Заслуга Кельзена состоит в том, что, начиная с 1920 г., он с присущей ему настойчивостью указывал на методическое родство теологии и юриспруденции. В своем последнем труде о социологическом и юридическом понятии государства он приводит множество расплывчатых аналогий, которые, однако, при более глубоком взгляде на историю идей позволяют осознать внутреннюю гетерогенность его теоретико-познавательной исходной позиции и его мировоззренческий, демократический результат. Ибо в основе отождествления государства и правопорядка, которое он проводит [в духе концепции] правового государства, лежит метафизика, отождествляющая естественную закономерность и нормативную законность. Она возникла из исключительно естественно-научного мышления, основана на пренебрежении всяческим «произволом» и пытается устранить любое исключение из сферы человеческого духа. В истории этой параллельности теологии и юриспруденции такое убеждение отчетливее всего выражено у Дж. Ст. Милля. Он также в интересах объективности и из страха перед произволом подчеркивал не допускающее исключений действие любого рода законов, но он, конечно, не считал, в отличие от Кельзена, что свободное деяние юридического познания способно образовать космос своей системы из какой угодно позитивной массы законов; ибо тем самым объективность снова устраняется. Придерживается ли безусловный позитивизм подброшенного ему закона непосредственно или же он вначале пытается создать систему, не должно было составлять различия для метафизики, которая внезапно впадает в пафос объективности. То, что Кельзен, едва выйдя за пределы своей методологической критики, сразу же оперирует совершенно естественно-научным понятием причины, замечательнее всего обнаруживается в том, что он считает возможным перенести юмовскую и кантовскую критику понятия субстанции на учение о государстве,[67]
не видя того, что понятие субстанции в схоластической мысли представляет собой нечто совсем иное, чем то же понятие в математически-естественно-научном мышлении. Различение субстанции права и исполнения права, имеющее в истории догм о суверенитете фундаментальное значение (на это я указывал в книге о диктатуре[68]) вообще невозможно постичь при помощи естественно-научных понятий, причем оно все-таки является существенным моментом юридической аргументации. В том обосновании, которое Кельзен дает своему выступлению в защиту демократии, открыто проявляется присущая ему математически-естественно-научная манера мысли:[69] демократия есть выражение политического релятивизма и научности, освобожденной от чуда и догм, основанной на человеческом разуме, сомнении и критике.Социология понятия суверенитета нуждается в том, чтобы вообще прояснить социологию юридических понятий. Указанная систематическая аналогия между теологическими и юридическими понятиями обсуждается здесь потому, что социология юридических понятий предполагает наличие последовательной и радикальной идеологии. Грубым заблуждением было бы полагать, что в этом заключается спиритуалистическая философия истории в противоположность материалистической. Утверждение Макса Вебера в его критике штаммлеровской философии права,[70]

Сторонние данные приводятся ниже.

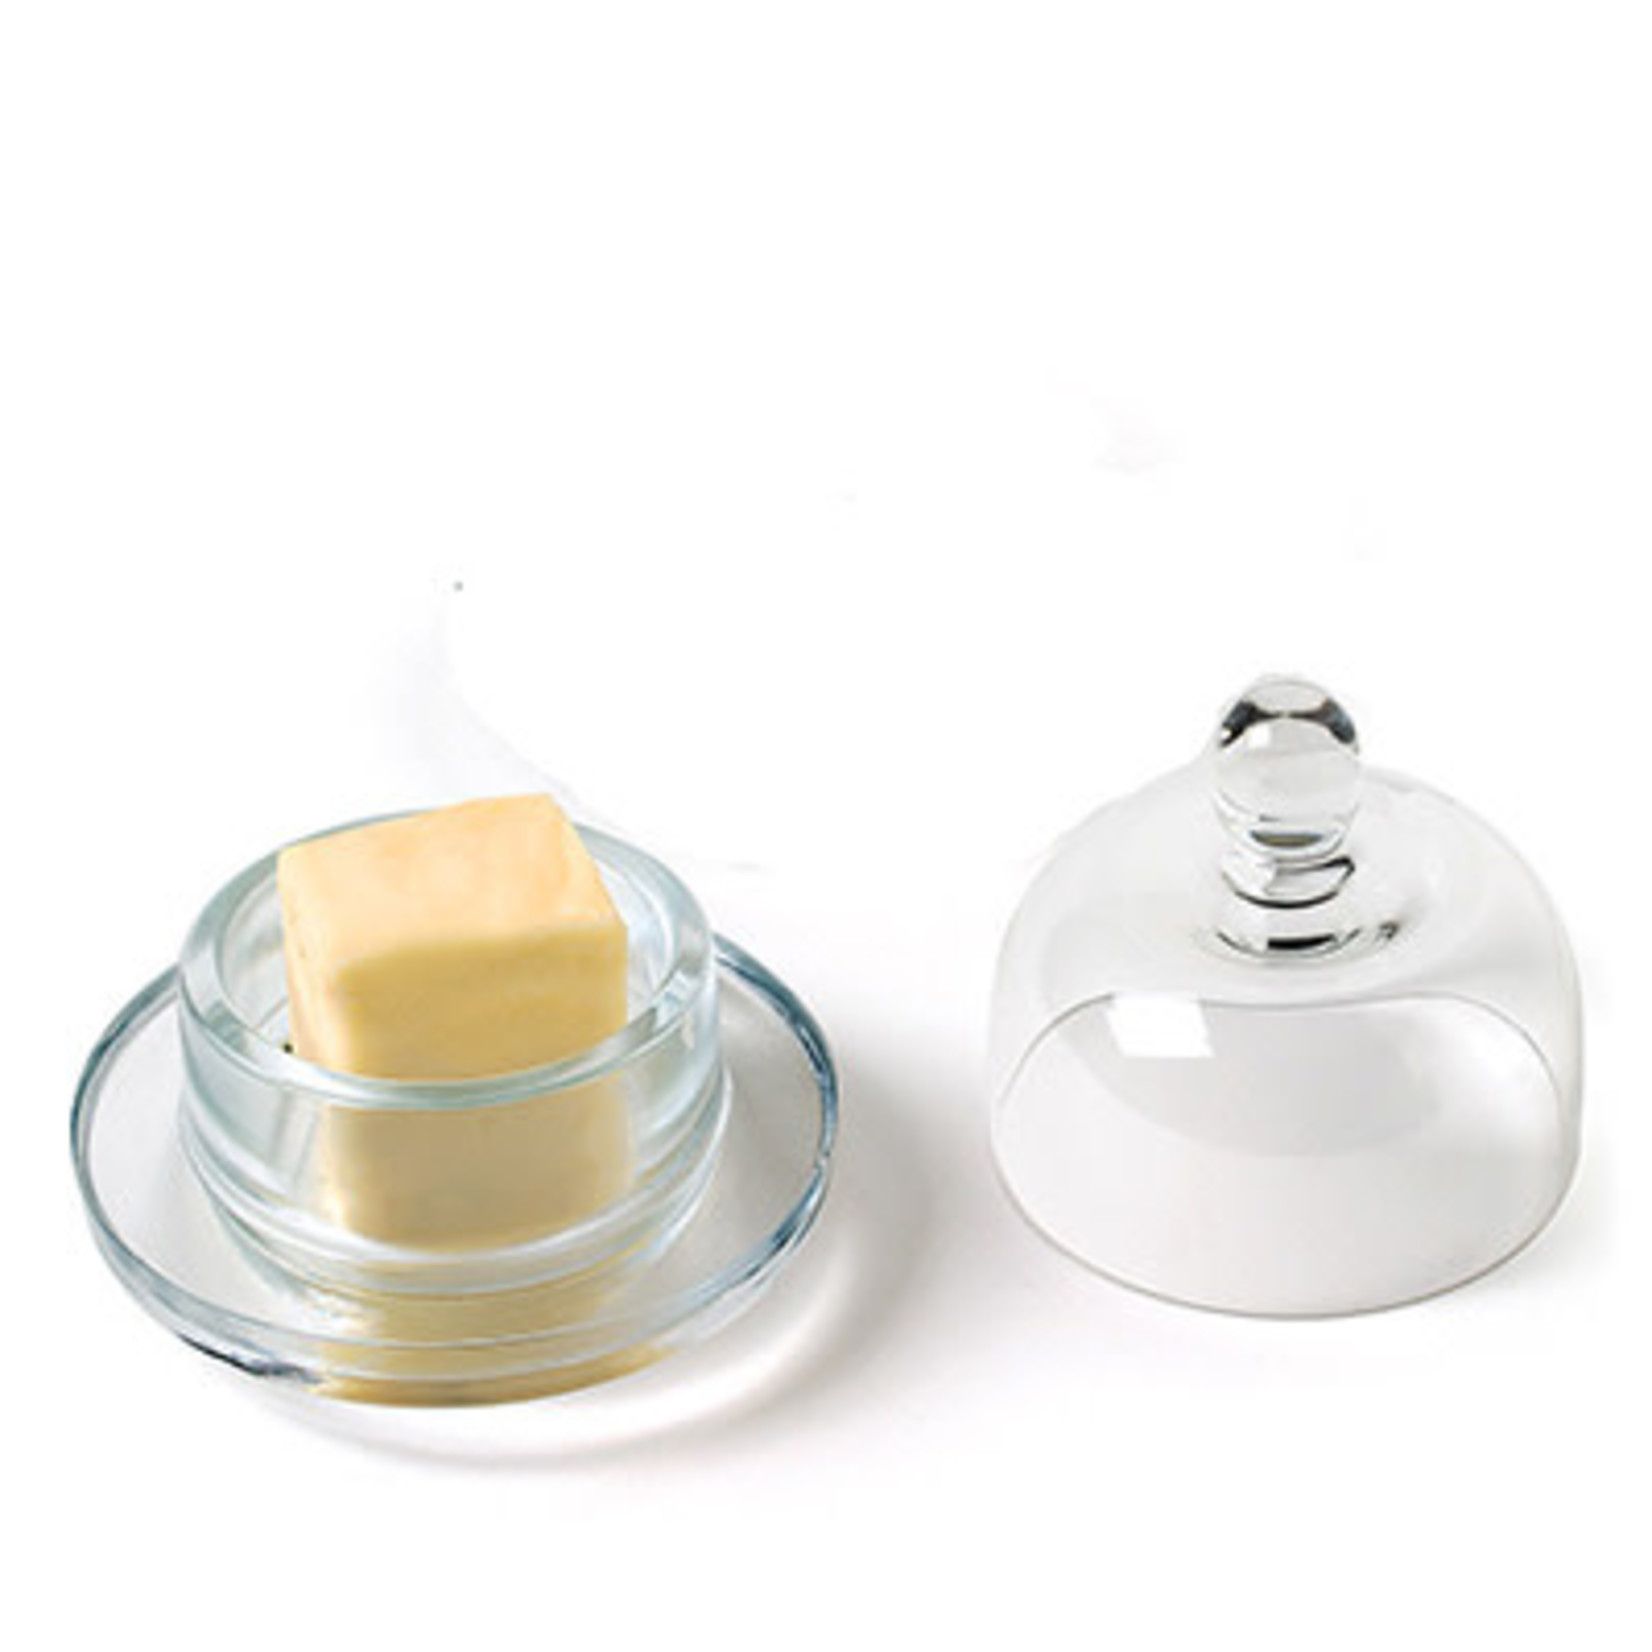 Glass dome - 2 pc Butter Dish

что радикально материалистической философии истории можно неопровержимо противопоставить столь же радикально спиритуалистическую философию истории, конечно, превосходно иллюстрируется политической теологией эпохи Реставрации. Ибо контрреволюционные авторы объясняли политические перемены изменениями в мировоззрении и возводили Французскую революцию к философии Просвещения. И всего лишь отчетливой антитезой этому [объяснению] было то, что радикальные революционеры, напротив, вменяли изменения в мышлении изменениям в политических и социальных отношениях. Уже в 20-х гг. XIX в. в Западной Европе, особенно во Франции, широко распространенной догмой было [утверждение], что религиозные, философские, художественные и литературные изменения тесно связаны с политическими и социальными обстоятельствами. В марксистской философии истории эта взаимосвязь радикализуется, [будучи понята] как экономическая, и систематически принимается всерьез, поскольку точку вменения политических и социальных изменений ищут и находят в экономическом. Это материалистическое объяснение делает невозможным изолированное рассмотрение идеологической последовательности, поскольку оно всюду видит только «рефлексы», «отражения» «другую одежку» экономических отношений, то есть последовательно работает с психологическими объяснениями, истолкованиями и, по крайней мере, в своем вульгарном варианте — с подозрениями. Однако в силу своего грубого рационализма оно легко способно обернуться иррациональным пониманием истории, ибо оно рассматривает всякое мышление как функцию и эманацию витальных процессов. Анархо-синдикалистскому социализму Жоржа Сореля подобным образом удалось соединить философию жизни Бергсона с экономическим пониманием истории Маркса.